偽造・変造カード12

それでも小池から貰った恐怖は拭えない。

恐怖は間違いなく伝染する。

誰だって怖い。

それを必死に押さえているのに…

変造カードをやる時は、その日の体調や精神的な問題で怖かったり、全然平気だったりする。

それでも毎日打ち続ける。

そうしていないと恐怖に飲み込まれそうになる。

外に出さないだけで、僕は誰より怖がりなのである。

その後ハーネスの取り付けはスンナリ成功した。

多分30秒掛かっていない。

完璧だ!

そう思い扉を閉めた。

しかし、台から一歩離れて見た、液晶画面は、なぜか黒かった。

ん?

配線ミスッた?

違う!

電源入れてない!

クソッ!

慌てて鍵を取り落とした。

台を開けてスイッチを入れるだけなのに…

鍵を拾い顔を上げる。

台から離れた小池側の通路から、なぜか店員が歩いて来ていた。

カッと火がついた。

僕は、考える間もなく、店員に向かって歩きだした。

台は僕の左後ろ。

店員があと少し近づけばクビを振るだけで台の異変に気付く。

いや…

台枠のランプも消灯しているので、クビなど振らなくても、今この瞬間にも気づかれる。

咄嗟に僕は右手が痛いように、大袈裟に手首から先を振りながら、自分の手だけを見つめて店員に近付いた。

僕の視線と右手に釣られろ!

そう願いながら。

向かって来る店員に話し掛けても不自然では無い距離に近づいて、初めて店員の顔を見た。

店員の目が、僕の右手を見ている。

引っ掛かった!

台の方を見てない!

確信した。

「食事休憩札ちょうだい」

そう言いながら店員を台とは逆に向かせる為に回り込む。

記憶していた離れた台の台番号を伝え店員を追っ払った。

恐怖など消えている。

お前らなんかに負けるか!

そう思っていた。

店員の行き先を確認してパチンコ台に戻り鍵を捻る。

電源をオンにした。

全てがチグハグだった取り付けが終わり、時計を見ると10時15分であった。

あとは小池に鍵を返すだけで終わる。

リュウ側の通路に出ると、すぐ横でリュウが二人のお客さんと話しをしていた。

随分ギリギリの所で止めたな…

でも助かった…

またオーケーマークを出した。

その後、小池を探して店内をうろつくが、小池がいない。

なんかあったか…

振り返るとリュウが見ている。

近付いて聞いた。

「小池は?」

「見てない。

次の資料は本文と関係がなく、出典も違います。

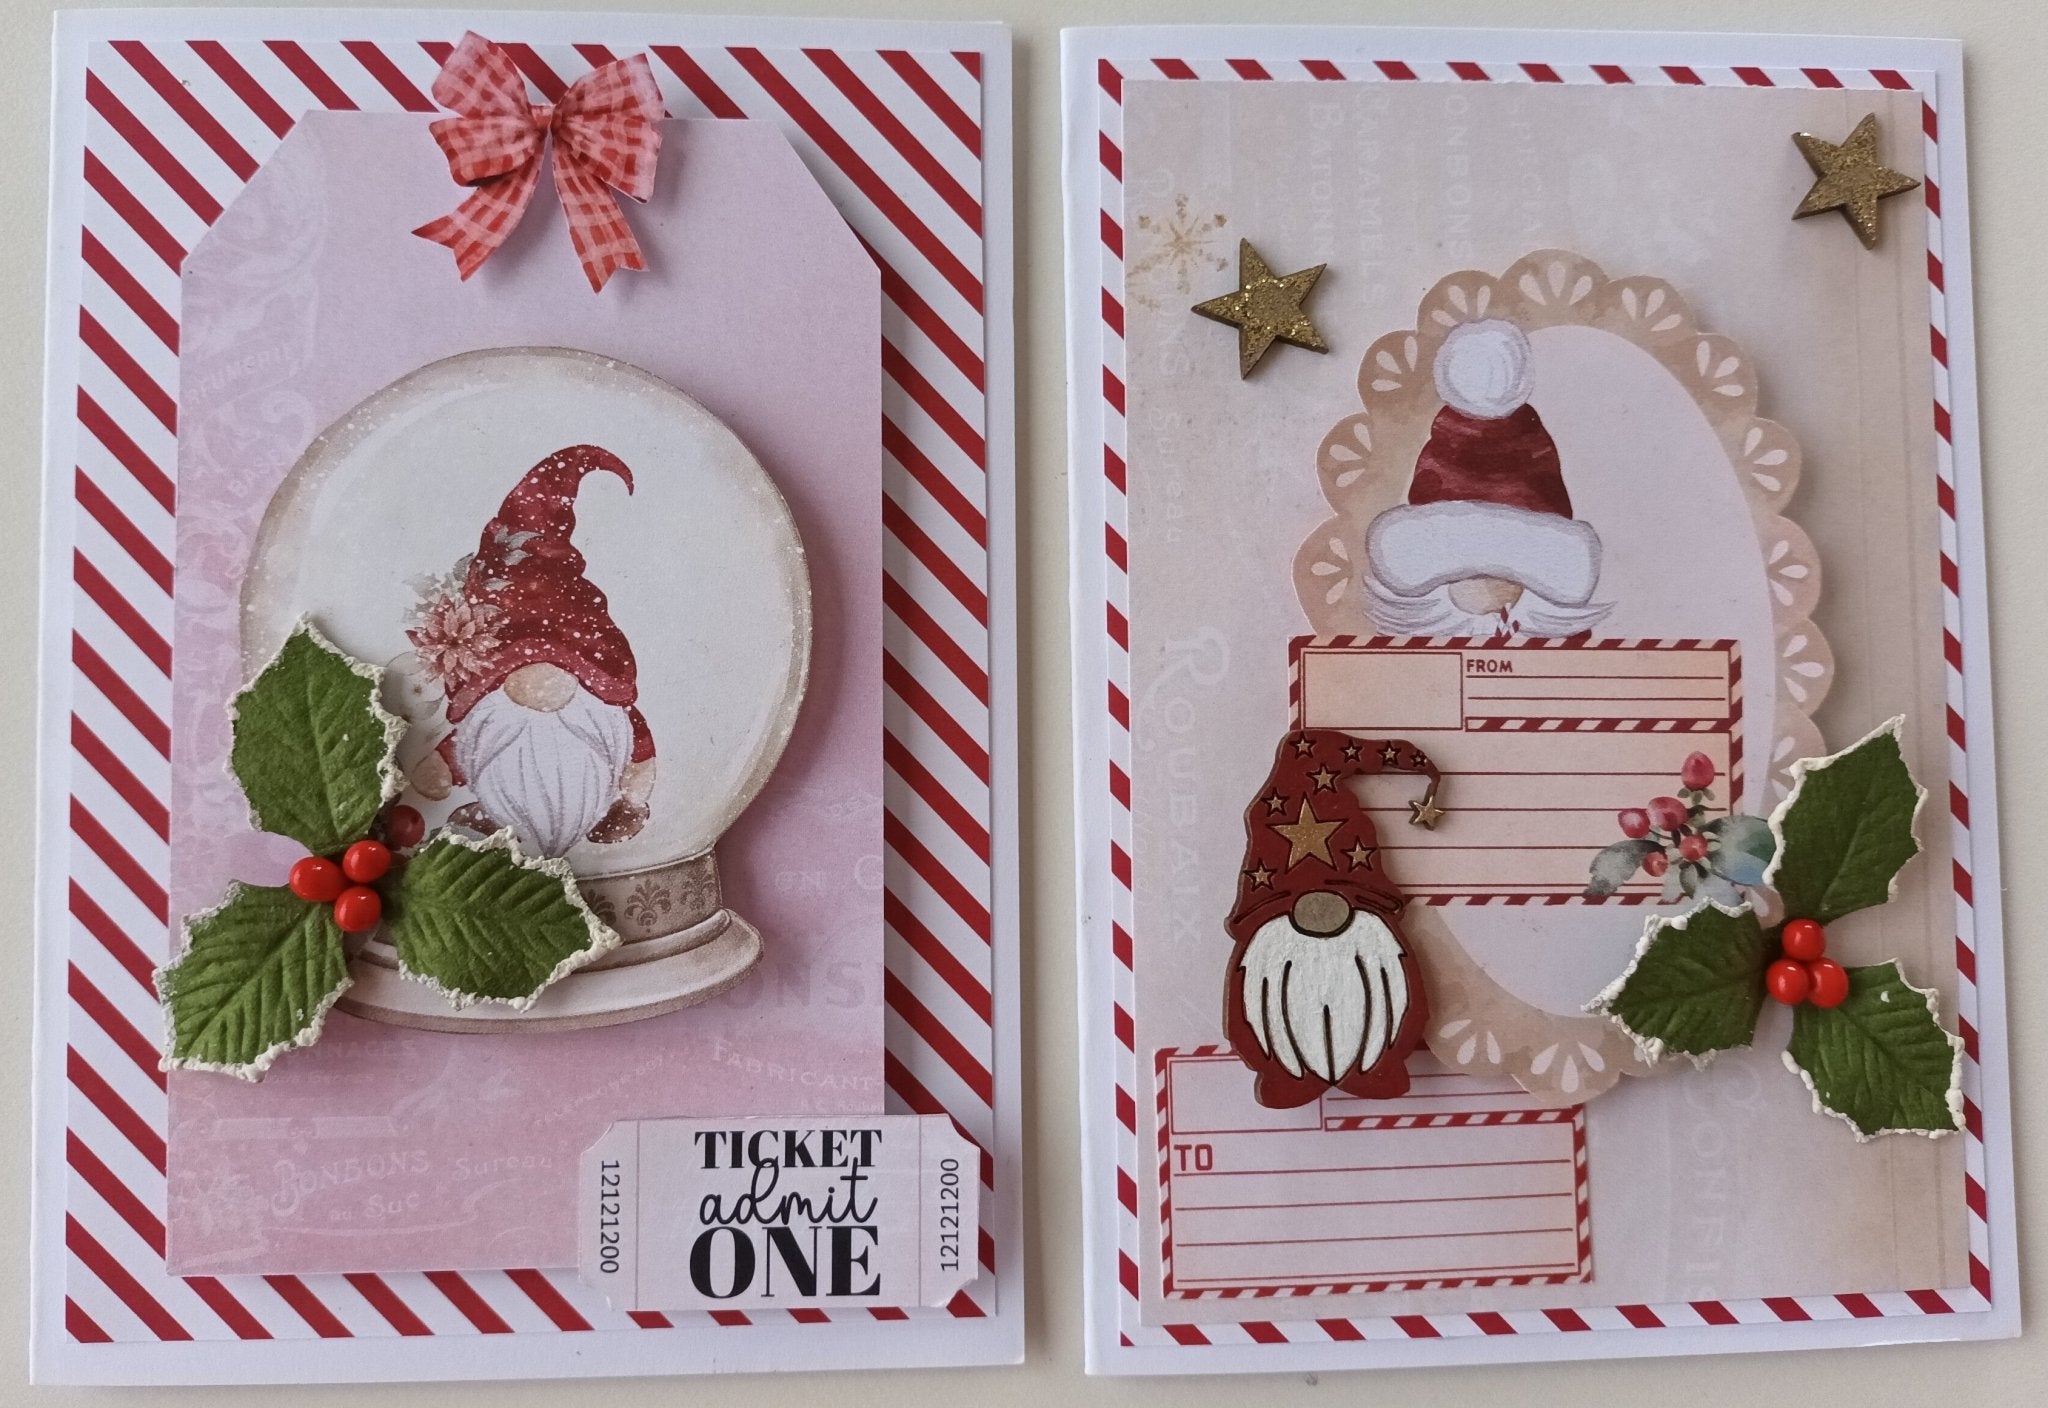 Christmas Eve Page and Card Kit - Crafty Divas

終わったの?」

終わった事を告げ、台の確認をするように言った。

小池がいない…

とりあえず外に出てリュウを待つ。

少しするとリュウが店から出て来て言った。

「台は打ってみないと分からないけど、多分平気だよ。小池はトイレから出て来たアルヨ…」

嘘だろ?

信じられなかった。

ホールに入ると、小池が反対の通路から、ヘコヘコしながらこちらに向かってくる。